(Records from a data source)

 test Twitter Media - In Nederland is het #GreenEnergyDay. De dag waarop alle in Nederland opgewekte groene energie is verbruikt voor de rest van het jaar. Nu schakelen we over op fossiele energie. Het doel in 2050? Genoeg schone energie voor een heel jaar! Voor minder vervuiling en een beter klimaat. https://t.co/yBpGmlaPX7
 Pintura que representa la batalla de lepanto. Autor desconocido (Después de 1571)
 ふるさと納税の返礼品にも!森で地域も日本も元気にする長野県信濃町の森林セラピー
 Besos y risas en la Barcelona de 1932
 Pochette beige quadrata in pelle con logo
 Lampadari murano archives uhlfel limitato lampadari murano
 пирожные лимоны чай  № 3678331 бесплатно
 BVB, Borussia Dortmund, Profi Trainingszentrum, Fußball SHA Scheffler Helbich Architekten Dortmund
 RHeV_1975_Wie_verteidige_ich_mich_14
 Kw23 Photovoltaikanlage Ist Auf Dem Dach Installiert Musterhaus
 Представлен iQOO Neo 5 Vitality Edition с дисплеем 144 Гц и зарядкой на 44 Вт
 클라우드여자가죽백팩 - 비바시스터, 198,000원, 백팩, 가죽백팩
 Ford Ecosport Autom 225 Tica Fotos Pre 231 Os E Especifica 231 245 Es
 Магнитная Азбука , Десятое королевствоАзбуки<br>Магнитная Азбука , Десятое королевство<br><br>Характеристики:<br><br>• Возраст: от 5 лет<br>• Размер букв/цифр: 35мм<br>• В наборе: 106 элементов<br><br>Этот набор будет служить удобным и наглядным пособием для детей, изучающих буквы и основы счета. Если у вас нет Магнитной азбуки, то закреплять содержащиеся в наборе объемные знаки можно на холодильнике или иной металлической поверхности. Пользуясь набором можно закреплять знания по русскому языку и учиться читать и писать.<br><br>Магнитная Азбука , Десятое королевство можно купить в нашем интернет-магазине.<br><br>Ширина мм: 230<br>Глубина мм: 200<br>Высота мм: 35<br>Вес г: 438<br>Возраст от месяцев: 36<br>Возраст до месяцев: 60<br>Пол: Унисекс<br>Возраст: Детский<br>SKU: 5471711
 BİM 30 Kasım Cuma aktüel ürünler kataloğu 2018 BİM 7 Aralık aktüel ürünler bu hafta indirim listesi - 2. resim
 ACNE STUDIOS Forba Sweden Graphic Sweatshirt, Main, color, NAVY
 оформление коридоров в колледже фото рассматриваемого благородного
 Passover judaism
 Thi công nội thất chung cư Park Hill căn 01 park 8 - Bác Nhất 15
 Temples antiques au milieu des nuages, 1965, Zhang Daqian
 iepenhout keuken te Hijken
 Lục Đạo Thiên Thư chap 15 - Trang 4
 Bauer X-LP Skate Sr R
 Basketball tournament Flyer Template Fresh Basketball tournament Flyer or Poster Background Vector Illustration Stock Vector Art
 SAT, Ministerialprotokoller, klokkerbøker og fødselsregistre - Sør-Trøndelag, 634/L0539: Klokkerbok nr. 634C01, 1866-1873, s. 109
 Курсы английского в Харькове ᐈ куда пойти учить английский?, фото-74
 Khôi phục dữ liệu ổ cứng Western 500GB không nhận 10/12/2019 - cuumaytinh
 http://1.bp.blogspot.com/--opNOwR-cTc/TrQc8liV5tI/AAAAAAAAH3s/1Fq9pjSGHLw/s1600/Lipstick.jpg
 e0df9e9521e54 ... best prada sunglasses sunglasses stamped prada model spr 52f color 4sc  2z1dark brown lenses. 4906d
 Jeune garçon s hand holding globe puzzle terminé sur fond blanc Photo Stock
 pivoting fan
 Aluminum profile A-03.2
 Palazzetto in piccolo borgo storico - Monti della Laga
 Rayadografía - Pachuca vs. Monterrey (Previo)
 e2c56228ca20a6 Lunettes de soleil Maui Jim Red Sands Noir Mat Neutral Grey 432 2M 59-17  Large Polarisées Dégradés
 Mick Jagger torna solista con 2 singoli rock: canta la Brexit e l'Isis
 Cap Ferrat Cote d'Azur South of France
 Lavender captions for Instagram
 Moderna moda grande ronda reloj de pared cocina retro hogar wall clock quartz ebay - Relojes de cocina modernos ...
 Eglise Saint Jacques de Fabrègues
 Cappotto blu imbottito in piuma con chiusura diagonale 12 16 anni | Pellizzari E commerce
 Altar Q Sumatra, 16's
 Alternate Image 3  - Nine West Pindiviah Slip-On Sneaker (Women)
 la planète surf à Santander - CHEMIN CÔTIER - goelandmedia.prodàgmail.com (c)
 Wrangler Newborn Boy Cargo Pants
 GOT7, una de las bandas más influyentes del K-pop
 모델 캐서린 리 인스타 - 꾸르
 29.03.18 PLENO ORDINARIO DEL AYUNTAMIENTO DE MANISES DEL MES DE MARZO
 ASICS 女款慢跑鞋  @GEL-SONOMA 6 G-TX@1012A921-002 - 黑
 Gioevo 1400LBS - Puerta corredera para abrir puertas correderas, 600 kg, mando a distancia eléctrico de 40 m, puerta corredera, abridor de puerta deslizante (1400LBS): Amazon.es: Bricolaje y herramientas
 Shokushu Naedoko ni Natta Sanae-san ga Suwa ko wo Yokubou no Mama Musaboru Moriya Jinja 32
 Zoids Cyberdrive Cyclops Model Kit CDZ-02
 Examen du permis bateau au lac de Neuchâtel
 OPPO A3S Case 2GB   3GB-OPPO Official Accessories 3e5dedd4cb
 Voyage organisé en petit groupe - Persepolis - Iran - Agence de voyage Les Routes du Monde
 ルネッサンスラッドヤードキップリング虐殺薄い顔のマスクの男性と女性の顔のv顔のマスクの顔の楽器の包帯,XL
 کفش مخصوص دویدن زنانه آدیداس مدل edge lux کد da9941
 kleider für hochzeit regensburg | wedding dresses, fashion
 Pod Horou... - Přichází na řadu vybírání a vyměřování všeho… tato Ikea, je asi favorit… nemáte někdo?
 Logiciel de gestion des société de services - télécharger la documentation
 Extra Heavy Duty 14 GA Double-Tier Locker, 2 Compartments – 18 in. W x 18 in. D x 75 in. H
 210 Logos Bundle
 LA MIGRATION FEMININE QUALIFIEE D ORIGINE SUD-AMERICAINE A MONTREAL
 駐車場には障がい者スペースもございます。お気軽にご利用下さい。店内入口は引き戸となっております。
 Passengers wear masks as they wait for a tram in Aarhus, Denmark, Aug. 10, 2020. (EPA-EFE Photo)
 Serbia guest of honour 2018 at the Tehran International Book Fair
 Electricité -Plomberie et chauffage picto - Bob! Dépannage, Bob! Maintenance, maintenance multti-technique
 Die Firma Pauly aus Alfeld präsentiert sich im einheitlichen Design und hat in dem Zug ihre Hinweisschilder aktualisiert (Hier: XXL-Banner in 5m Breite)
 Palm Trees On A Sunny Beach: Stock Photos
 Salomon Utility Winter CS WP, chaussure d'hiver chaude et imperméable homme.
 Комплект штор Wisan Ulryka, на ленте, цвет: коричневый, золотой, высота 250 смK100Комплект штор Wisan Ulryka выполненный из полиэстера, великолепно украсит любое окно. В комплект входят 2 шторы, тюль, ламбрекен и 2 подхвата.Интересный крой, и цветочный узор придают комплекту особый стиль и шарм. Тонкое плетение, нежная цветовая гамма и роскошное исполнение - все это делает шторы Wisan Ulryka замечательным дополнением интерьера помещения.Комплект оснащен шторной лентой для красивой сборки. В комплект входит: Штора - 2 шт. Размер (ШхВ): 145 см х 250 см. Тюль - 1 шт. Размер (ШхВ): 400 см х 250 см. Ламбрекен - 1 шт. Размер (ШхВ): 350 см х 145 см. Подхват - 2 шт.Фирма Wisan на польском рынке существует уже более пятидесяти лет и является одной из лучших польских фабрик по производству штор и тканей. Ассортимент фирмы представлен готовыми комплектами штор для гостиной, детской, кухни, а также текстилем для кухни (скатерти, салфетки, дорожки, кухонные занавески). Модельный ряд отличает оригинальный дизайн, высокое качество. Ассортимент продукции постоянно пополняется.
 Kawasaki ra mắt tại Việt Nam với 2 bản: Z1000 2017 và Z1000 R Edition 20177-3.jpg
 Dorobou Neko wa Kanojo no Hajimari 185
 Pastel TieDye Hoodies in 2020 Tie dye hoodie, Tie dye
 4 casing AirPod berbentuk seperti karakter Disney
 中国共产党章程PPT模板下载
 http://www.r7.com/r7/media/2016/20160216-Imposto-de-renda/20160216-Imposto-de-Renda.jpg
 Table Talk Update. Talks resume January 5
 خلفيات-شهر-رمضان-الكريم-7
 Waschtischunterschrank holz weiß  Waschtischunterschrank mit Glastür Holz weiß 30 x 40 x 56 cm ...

EXERCISE INSTRUCTIONS =
Once you find the line containing "ふるさと納税の返礼品にも!森で地域も日本も元気にする長野県信濃町の森林セラピー", stop: reproduce exactly that line and every line of the data before it, and nothing else.

ANSWER FOR THIS EXERCISE =
 test Twitter Media - In Nederland is het #GreenEnergyDay. De dag waarop alle in Nederland opgewekte groene energie is verbruikt voor de rest van het jaar. Nu schakelen we over op fossiele energie. Het doel in 2050? Genoeg schone energie voor een heel jaar! Voor minder vervuiling en een beter klimaat. https://t.co/yBpGmlaPX7
 Pintura que representa la batalla de lepanto. Autor desconocido (Después de 1571)
 ふるさと納税の返礼品にも!森で地域も日本も元気にする長野県信濃町の森林セラピー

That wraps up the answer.